Арина Захаровна — низкорослая, выветренная и высушенная крестьянским трудом, с выплаканными глазами в охряных обводьях — трудно переставляла ноги, сгибалась под тяжестью свалившейся на нее беды. Иван Сергеевич поддерживал ее и не смел тревожить участливым разговором сбивчиво-сиротливые вдовьи думы.

В марлевых косынках, наспех перекрашенных в черный цвет, обособленной группой спускались с холма милосердные сестры. Машенька испуганно, в неприятии происходящего прижималась к жаркому телу Нади Перегоновой, плакала.

Осторожничали, пробно тыкались костылями Агафон Смыслов и Петр Ануфриевич. Всхлиписто дергая носом, ломился кустами Боря Басаргин.

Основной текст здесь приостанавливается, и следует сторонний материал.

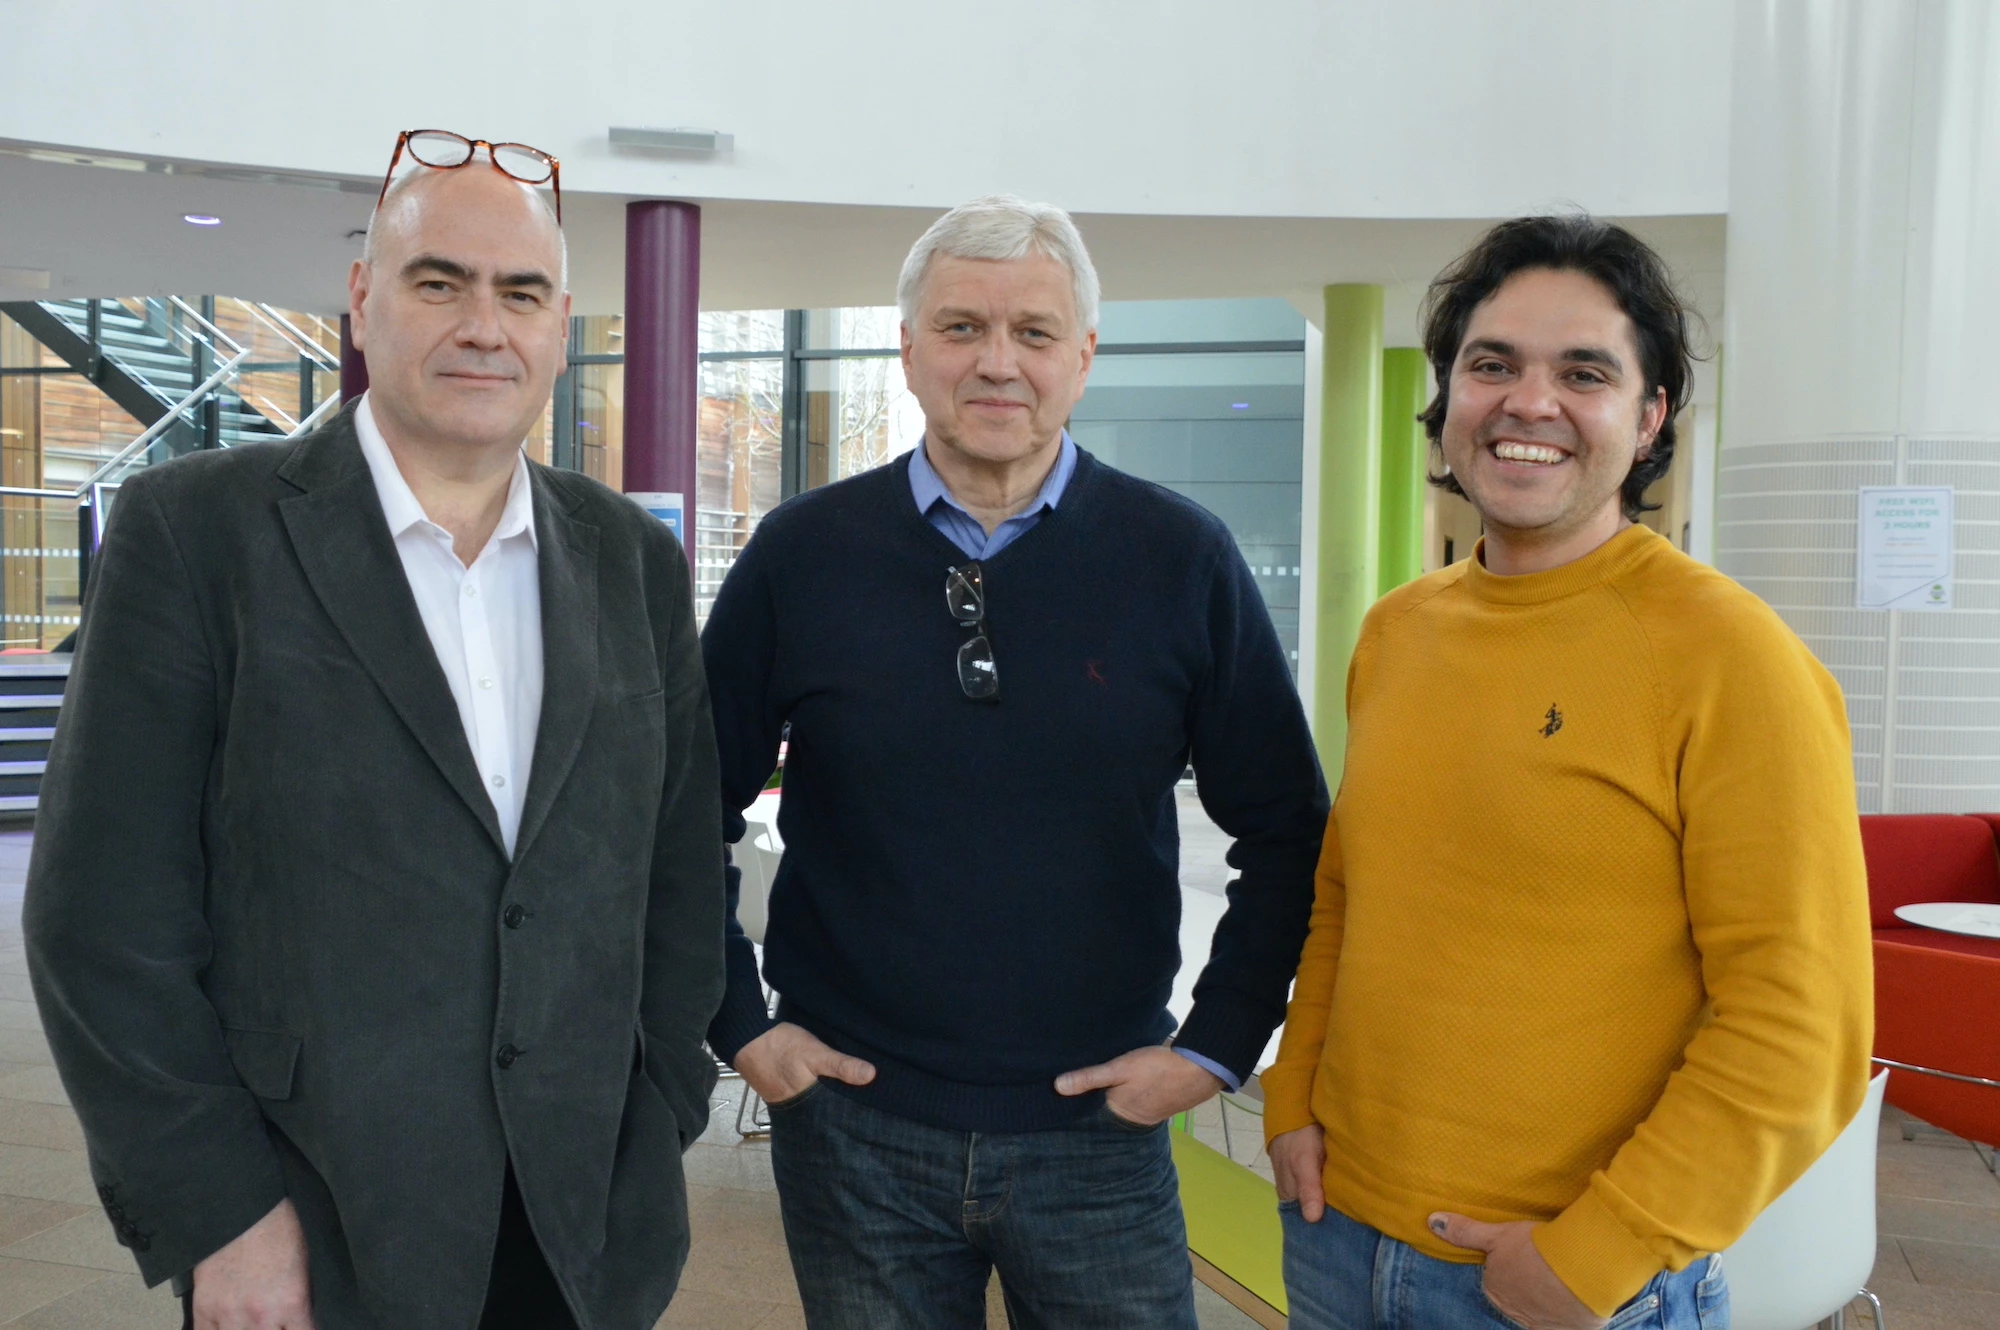 DALUS Founder and Director, Spencer Taylor, from Shropshire, Ruben Riano from Bristol (LEFT) and Garry Martin from Croydon (RIGHT).

Инвалид первой мировой войны Юлиан Будницкий и начальник аптеки Иосиф Лазаревич Ройтман, успевшие за помин души притаенно хлебнуть спиртного, ковыляли лишь с помощью друг друга. Будницкий, как лошадь, мотал рыжей головой и хмельно тянул в причете: «Нех бендзе жолнеж похвалены...»{16}.

Шли под руку далеко приметные, рослые и ладные, сближенные тяжкими испытаниями и потянувшиеся друг к другу литовская девушка Юрате Бальчунайте и Владимир Петрович Гончаров — урожденный Владас Бэл. Горечь общих переживаний томила их, но в душах было и что-то иное: очень и очень личное, вроде бы и грешное в данный момент. Юрате временами спохватывалась и быстрым движением руки где-то у ложбинки, приютившей наперсный крестик, закрещивала этот грех.

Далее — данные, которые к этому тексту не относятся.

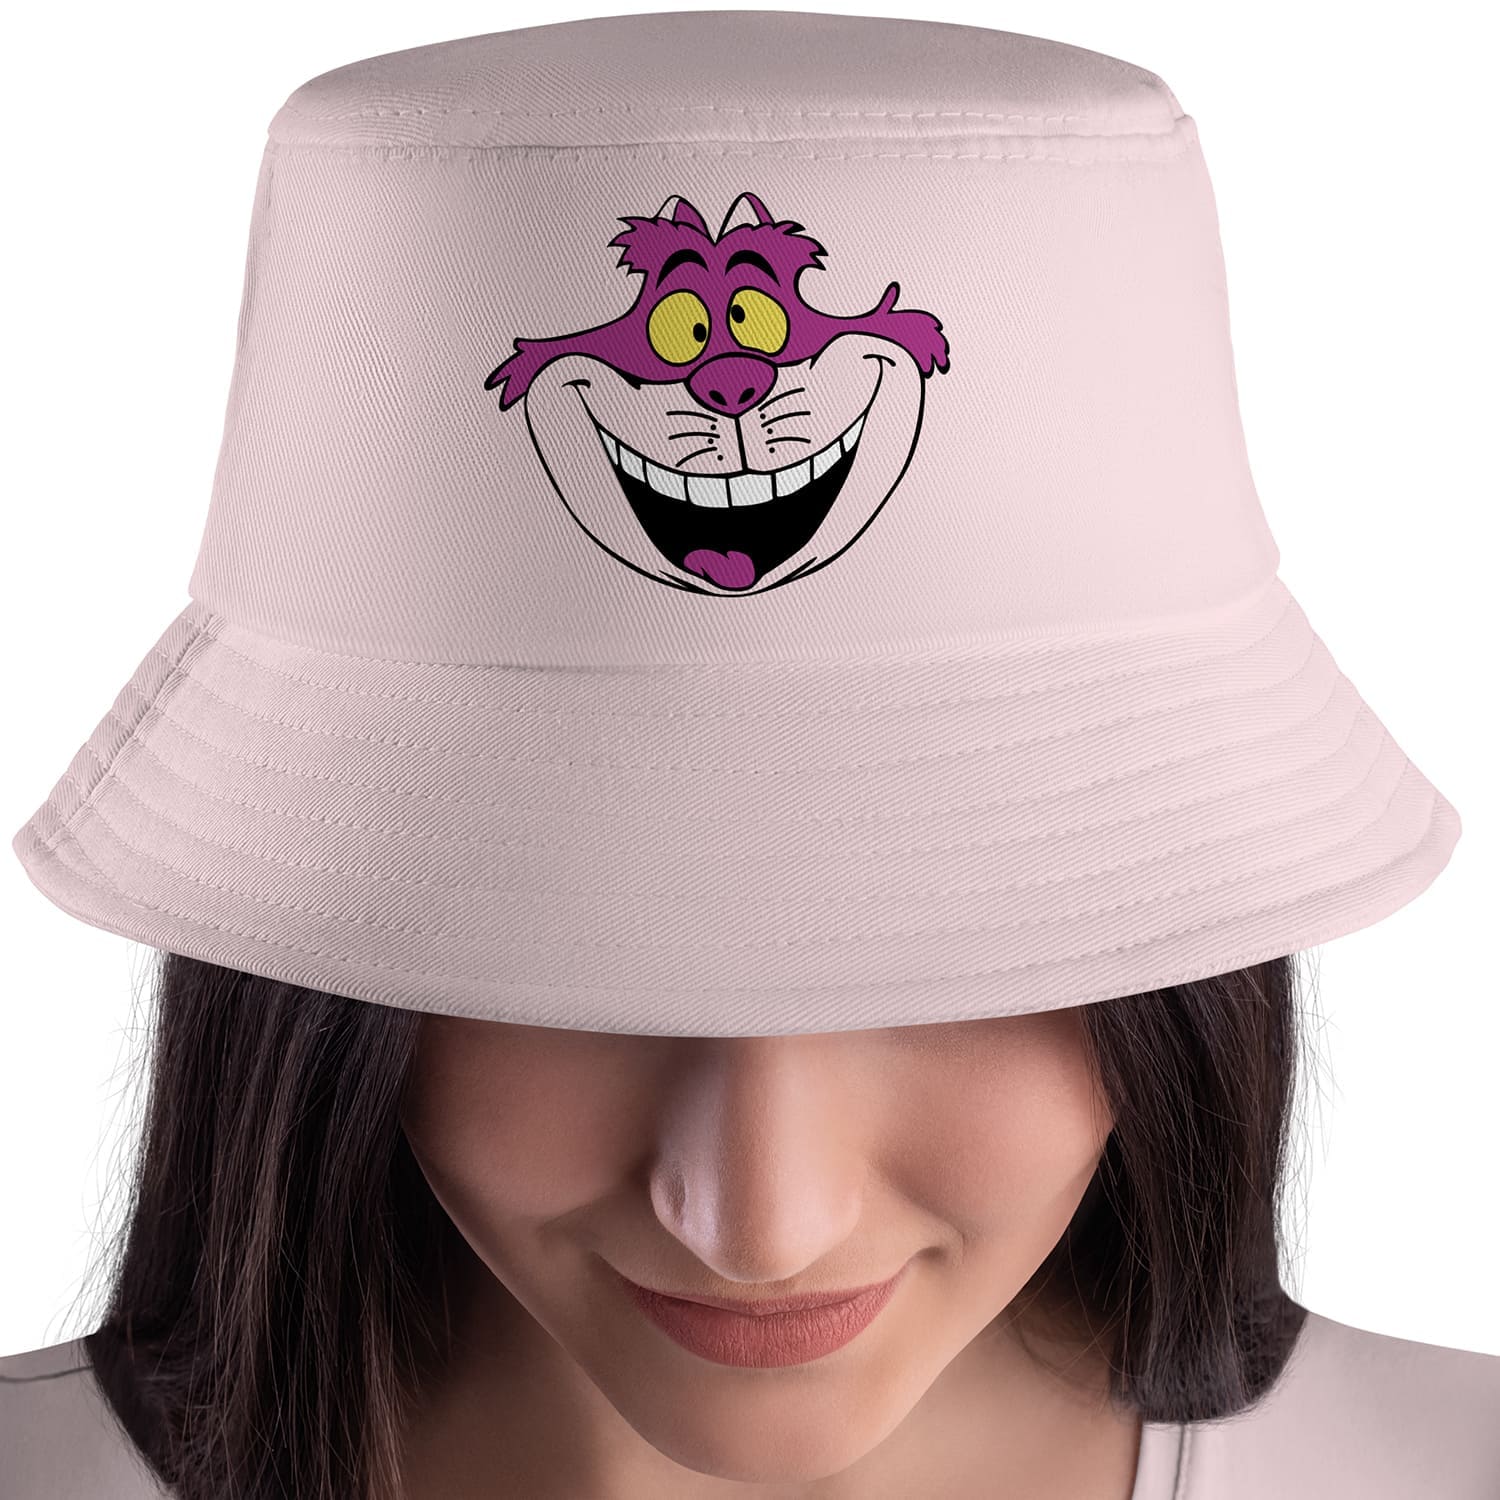 Woman wearing a pink hat with a goofy face on it.

Тугой напор ветра качнул макушки деревьев, в беспорядочном парении стали спускаться к земле обломившиеся листья. Падали они с неохотой, обреченно цеплялись за сучья, припадали к шершавым стволам, всей плоскостью опирались на что-то невидное и упругое, косо скользили по этой упругости, метались в беспомощном желании вернуться в вышину. Владимир Петрович приглашающе подставил ладонь резному листу клена, тот отверг приглашение, панически откачнулся, простерся под углом вниз и лег на былинки травы. Гончаров нагнулся, поднял его. Лист был спелым, погибшим без естественного увядания. «И тут...» — было подумал Гончаров и с опаской глянул на Юрате: как бы не угадала его тоскливую мысль.

Якухина не было на кладбище. Бездушный лейтенант из резерва, упоенный краткосрочной властью, все же поставил его в строй. Тело Василия Федоровича сберегалось в погребе на рыхлеющих глыбах льда, припасенных еще немцами, там и простился с ним Якухин.